By clicking “Sign up for GitHub”, you agree to our terms of service and privacy statement. We’ll occasionally send you account related emails.

Already on GitHub? Sign in to your account

runtime: invalid GC instruction 0xd183f0 at 0xc208217f28 #7748

Closed
davecheney opened this issue Apr 10, 2014 · 8 comments
Closed

runtime: invalid GC instruction 0xd183f0 at 0xc208217f28 #7748

davecheney opened this issue Apr 10, 2014 · 8 comments
Milestone

Comments

@davecheney
Copy link
Contributor

What steps will reproduce the problem?
1. sudo apt-get install mongodb-server
2. go get -u launchpad.net/juju-core/...
3. go test launchpad.net/juju-core/worker/upgrader

What is the expected output? What do you see instead?

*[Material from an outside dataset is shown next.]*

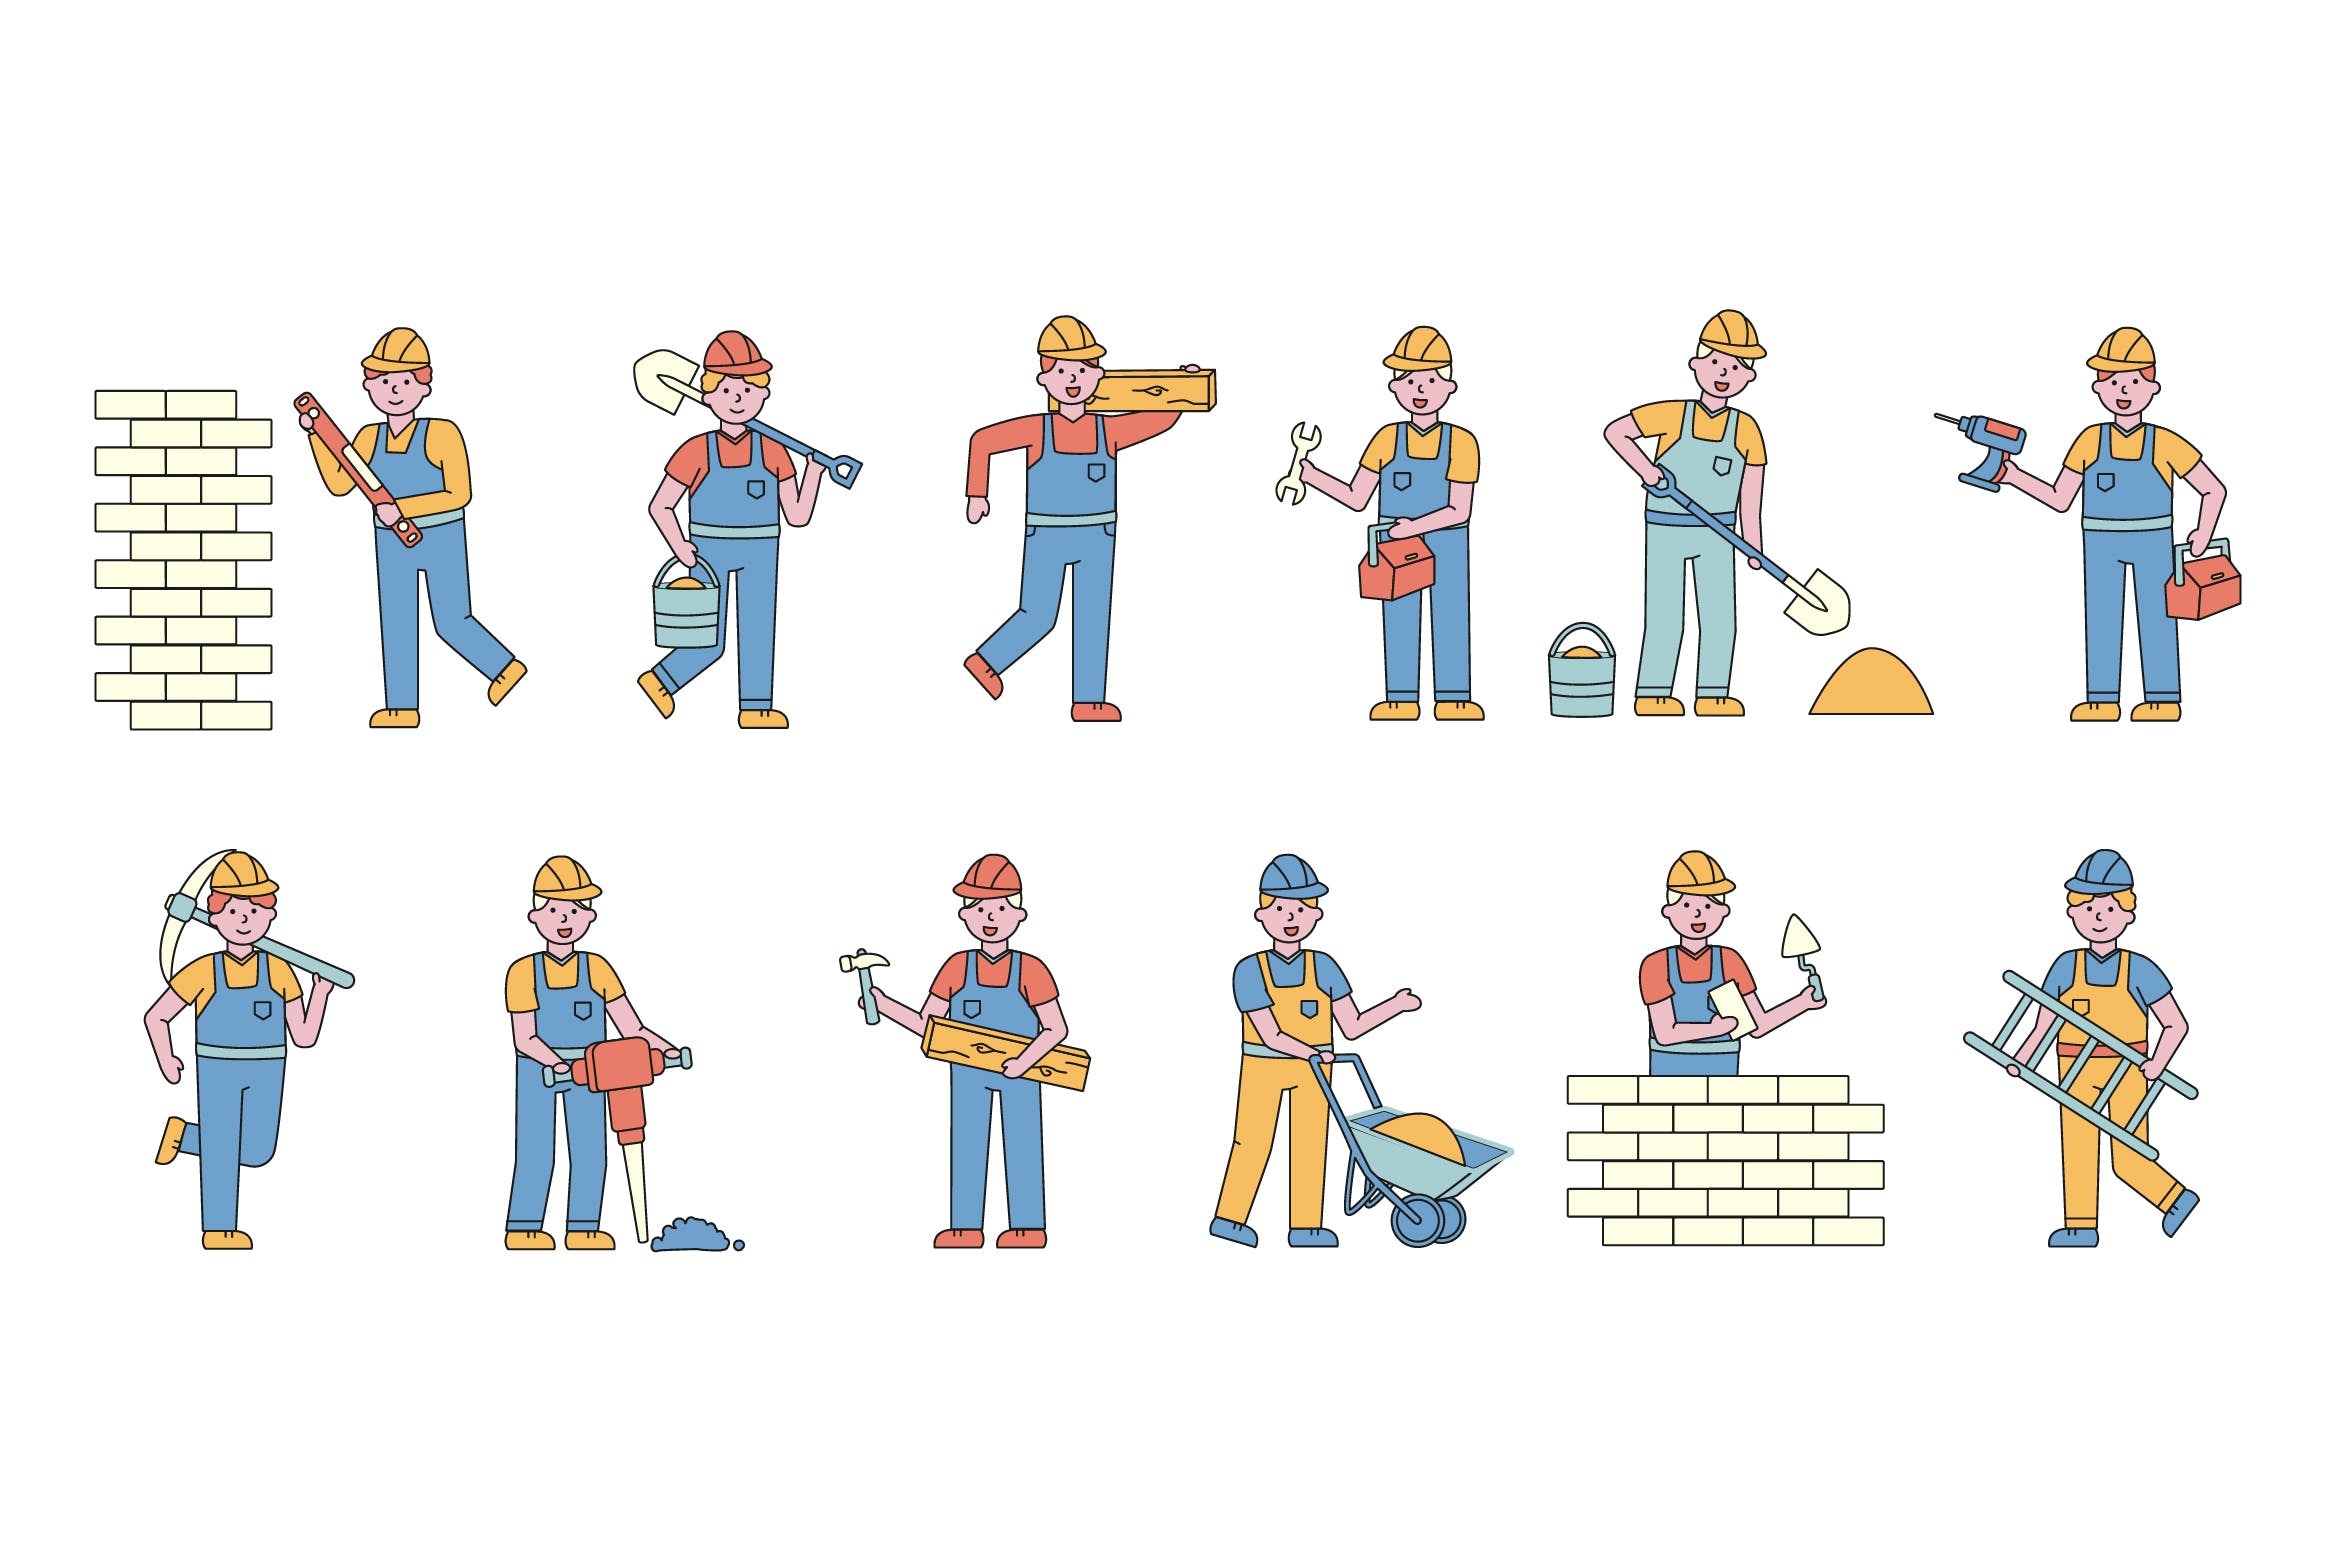 建筑工人人物形象线条艺术矢量插画普贤居精选素材 Builders Lineart People Character Collection插图

runtime: invalid GC instruction 0xd183f0 at 0xc208217f28
fatal error: scanblock: invalid GC instruction

runtime stack:
runtime.throw(0x11c00e9)
    /home/dfc/go/src/pkg/runtime/panic.c:520 +0x69 fp=0x7fc6f4f8f8d8
scanblock(0x7fc6f71c0000, 0x7fc6f4f8fc00)
    /home/dfc/go/src/pkg/runtime/mgc0.c:1139 +0x375 fp=0x7fc6f4f8fc00
markroot(0xc20800c900, 0x54)
    /home/dfc/go/src/pkg/runtime/mgc0.c:1333 +0xd9 fp=0x7fc6f4f8fc80
runtime.parfordo(0xc20800c900)
    /home/dfc/go/src/pkg/runtime/parfor.c:88 +0xa3 fp=0x7fc6f4f8fcf8
gc(0x7fc6f477e278)
    /home/dfc/go/src/pkg/runtime/mgc0.c:2403 +0x1d6 fp=0x7fc6f4f8fe20
mgc(0xc2081018c0)
    /home/dfc/go/src/pkg/runtime/mgc0.c:2345 +0x2e fp=0x7fc6f4f8fe30
runtime.mcall(0x9a56cc)
    /home/dfc/go/src/pkg/runtime/asm_amd64.s:181 +0x4b fp=0x7fc6f4f8fe40

Please use labels and text to provide additional information.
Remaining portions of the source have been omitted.